Available data
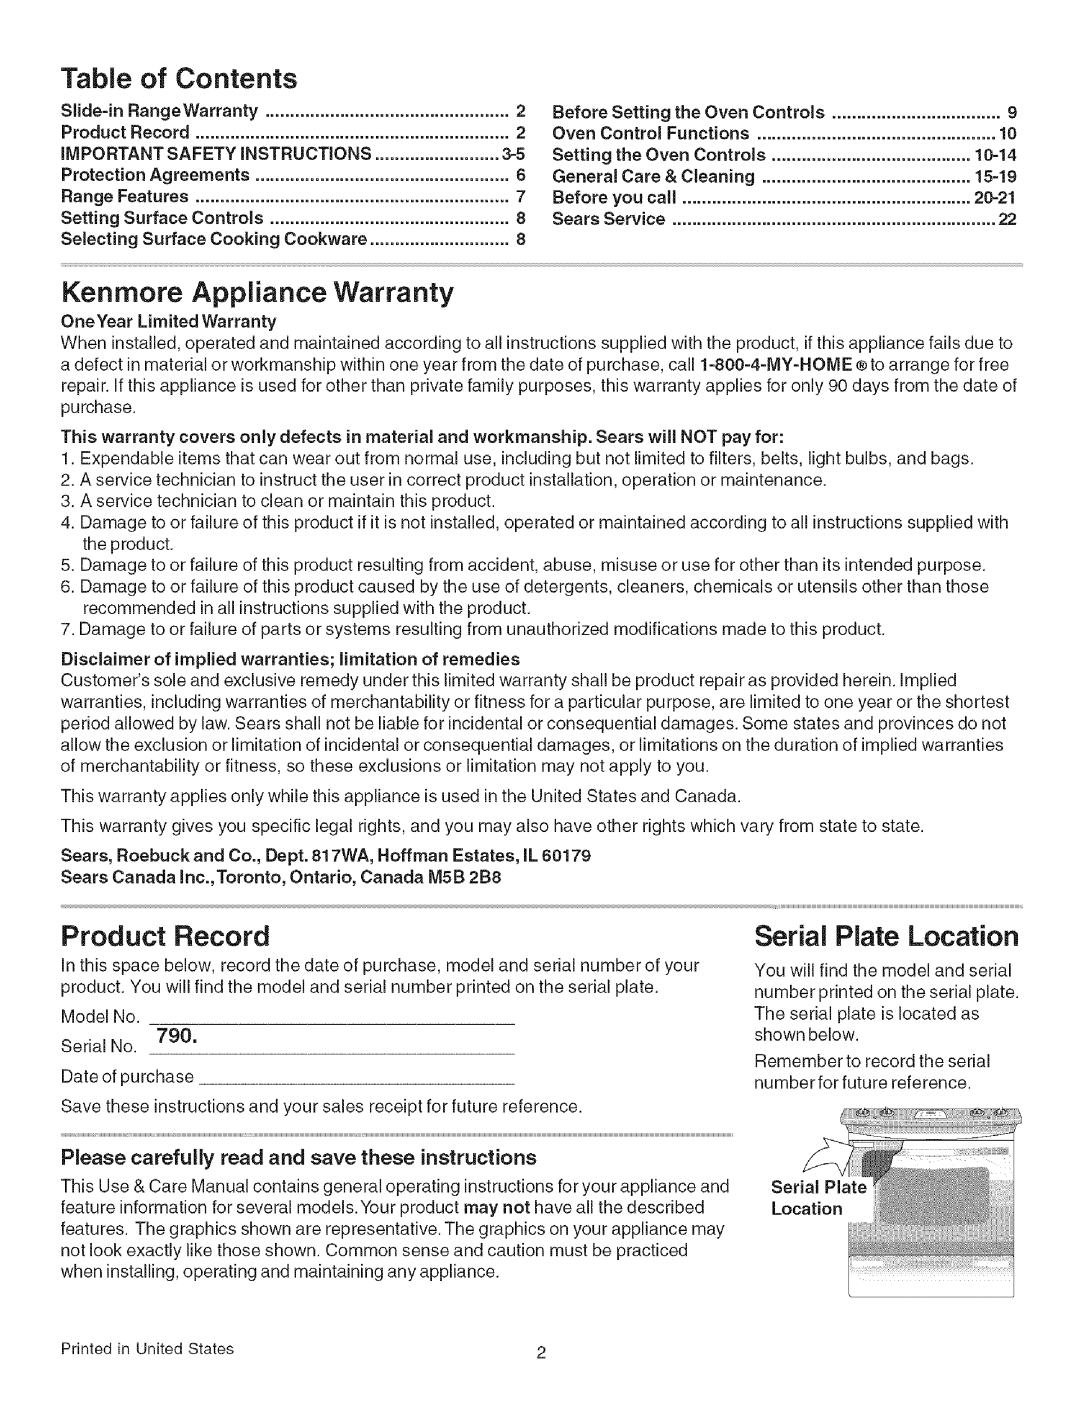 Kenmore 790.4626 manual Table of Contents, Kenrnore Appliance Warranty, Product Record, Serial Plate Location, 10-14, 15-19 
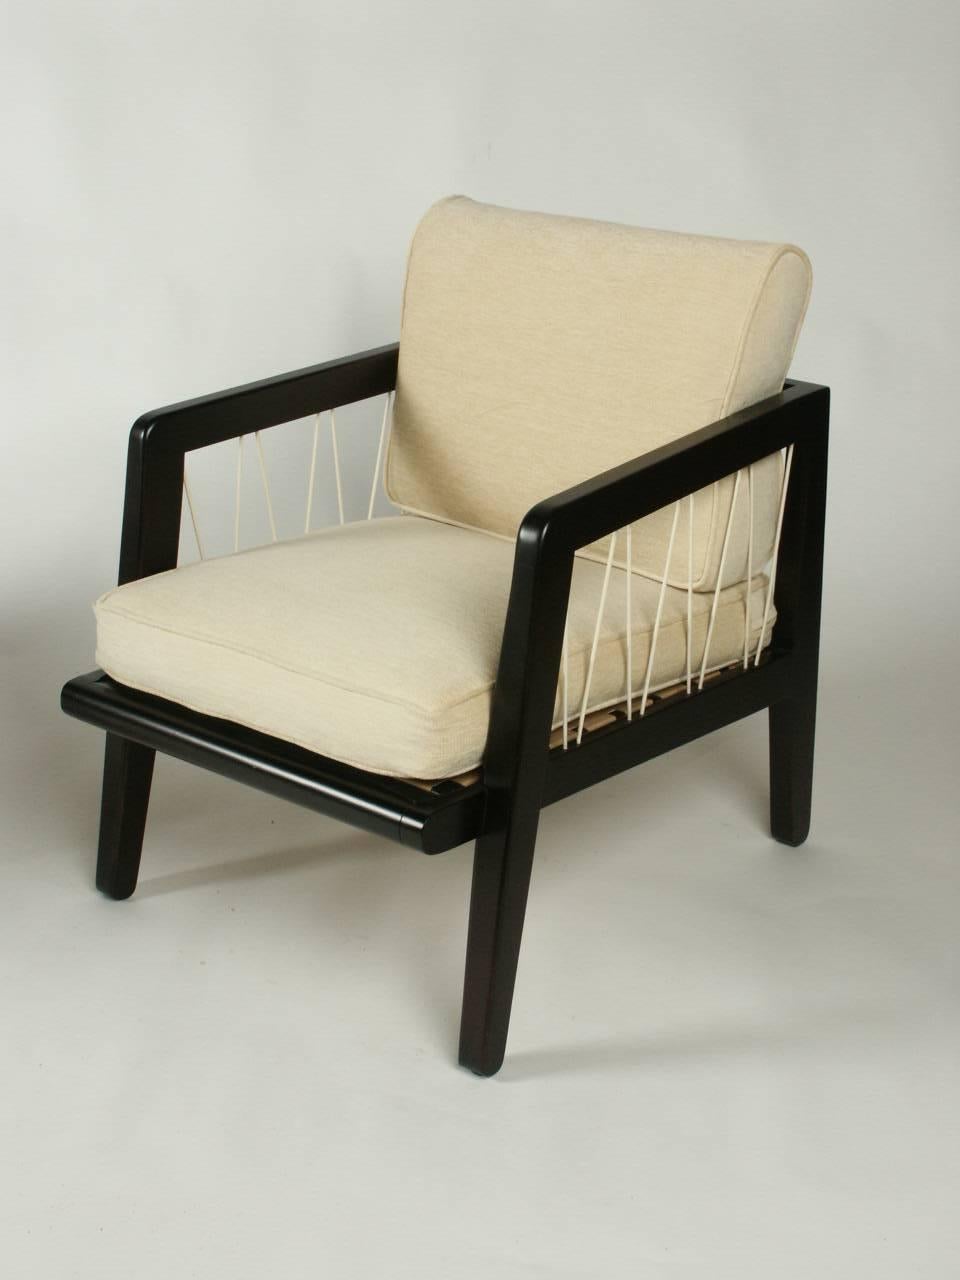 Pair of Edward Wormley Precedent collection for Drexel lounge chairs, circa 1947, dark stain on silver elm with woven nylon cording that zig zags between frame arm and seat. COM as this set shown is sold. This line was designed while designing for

==

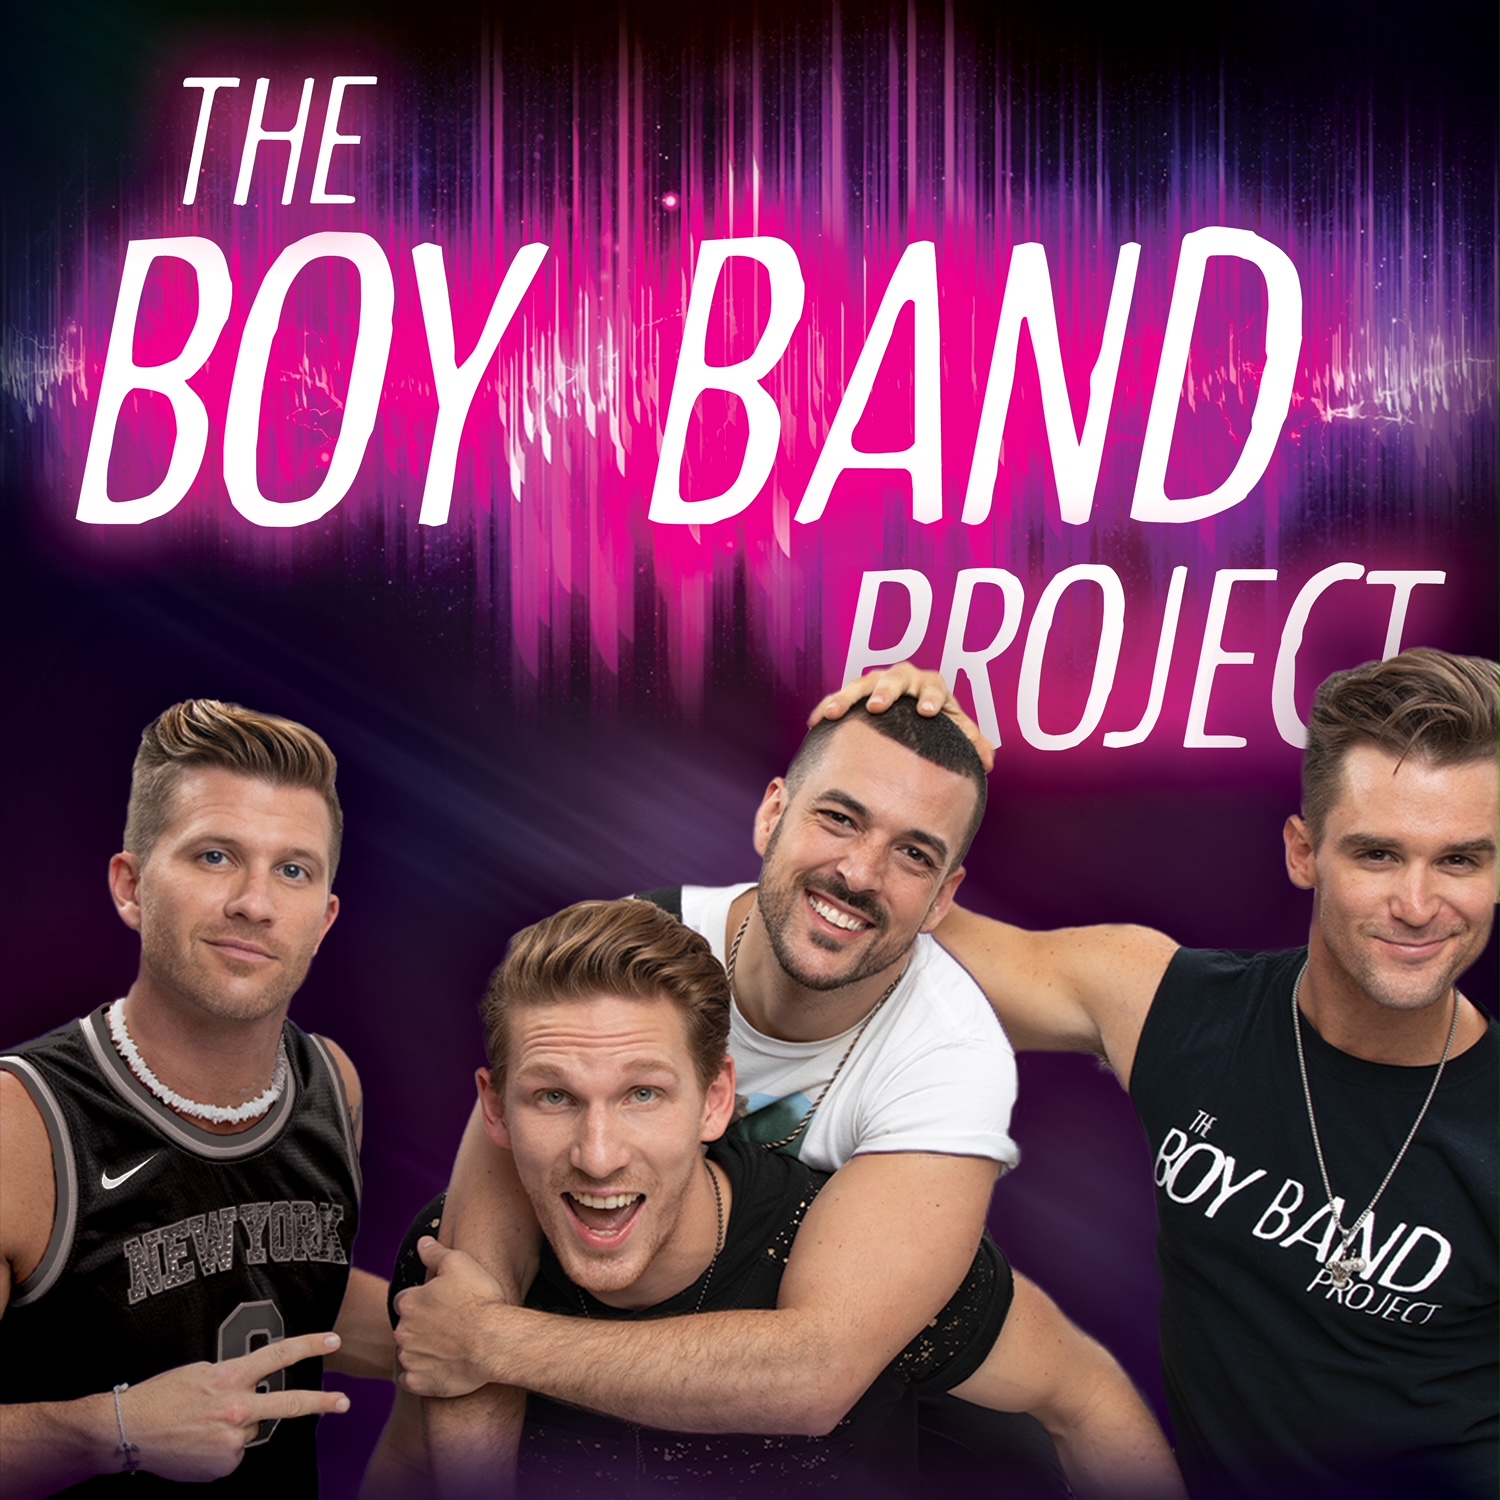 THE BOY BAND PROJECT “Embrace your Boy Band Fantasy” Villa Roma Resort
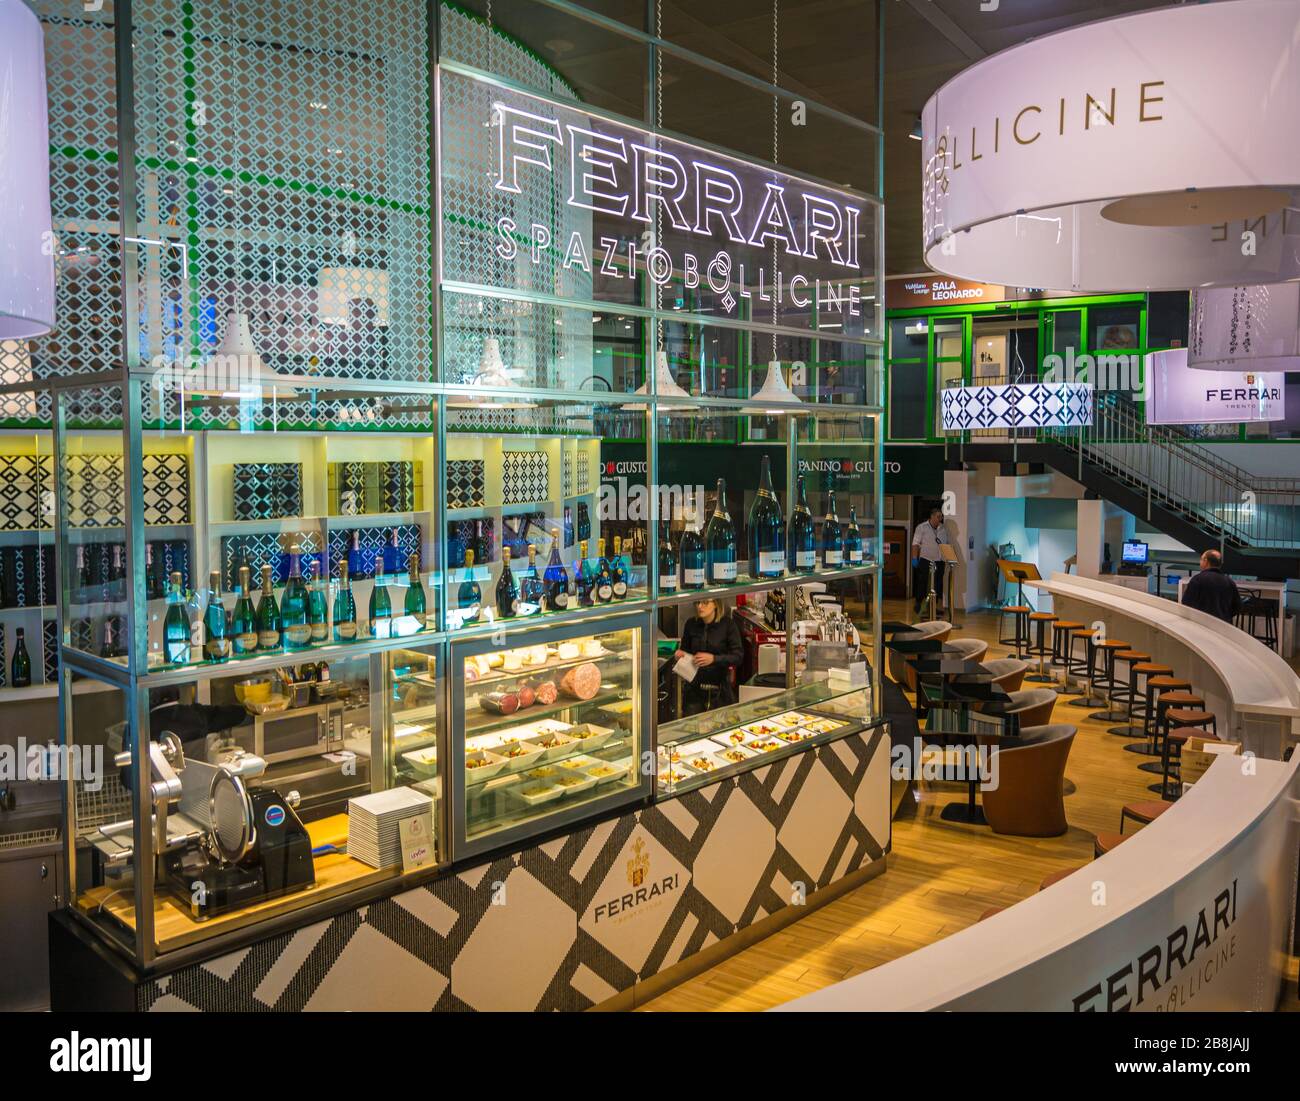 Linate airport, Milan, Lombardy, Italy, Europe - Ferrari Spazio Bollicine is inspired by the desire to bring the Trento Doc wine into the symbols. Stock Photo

What to do
In the listing above, find the line containing "THE BOY BAND" and the line containing "Linate airport, Milan, Lombardy, Italy, Europe", then return both of them and every line between, exactly, without pictures.

Expected answer
 THE BOY BAND PROJECT “Embrace your Boy Band Fantasy” Villa Roma Resort
 Linate airport, Milan, Lombardy, Italy, Europe - Ferrari Spazio Bollicine is inspired by the desire to bring the Trento Doc wine into the symbols. Stock Photo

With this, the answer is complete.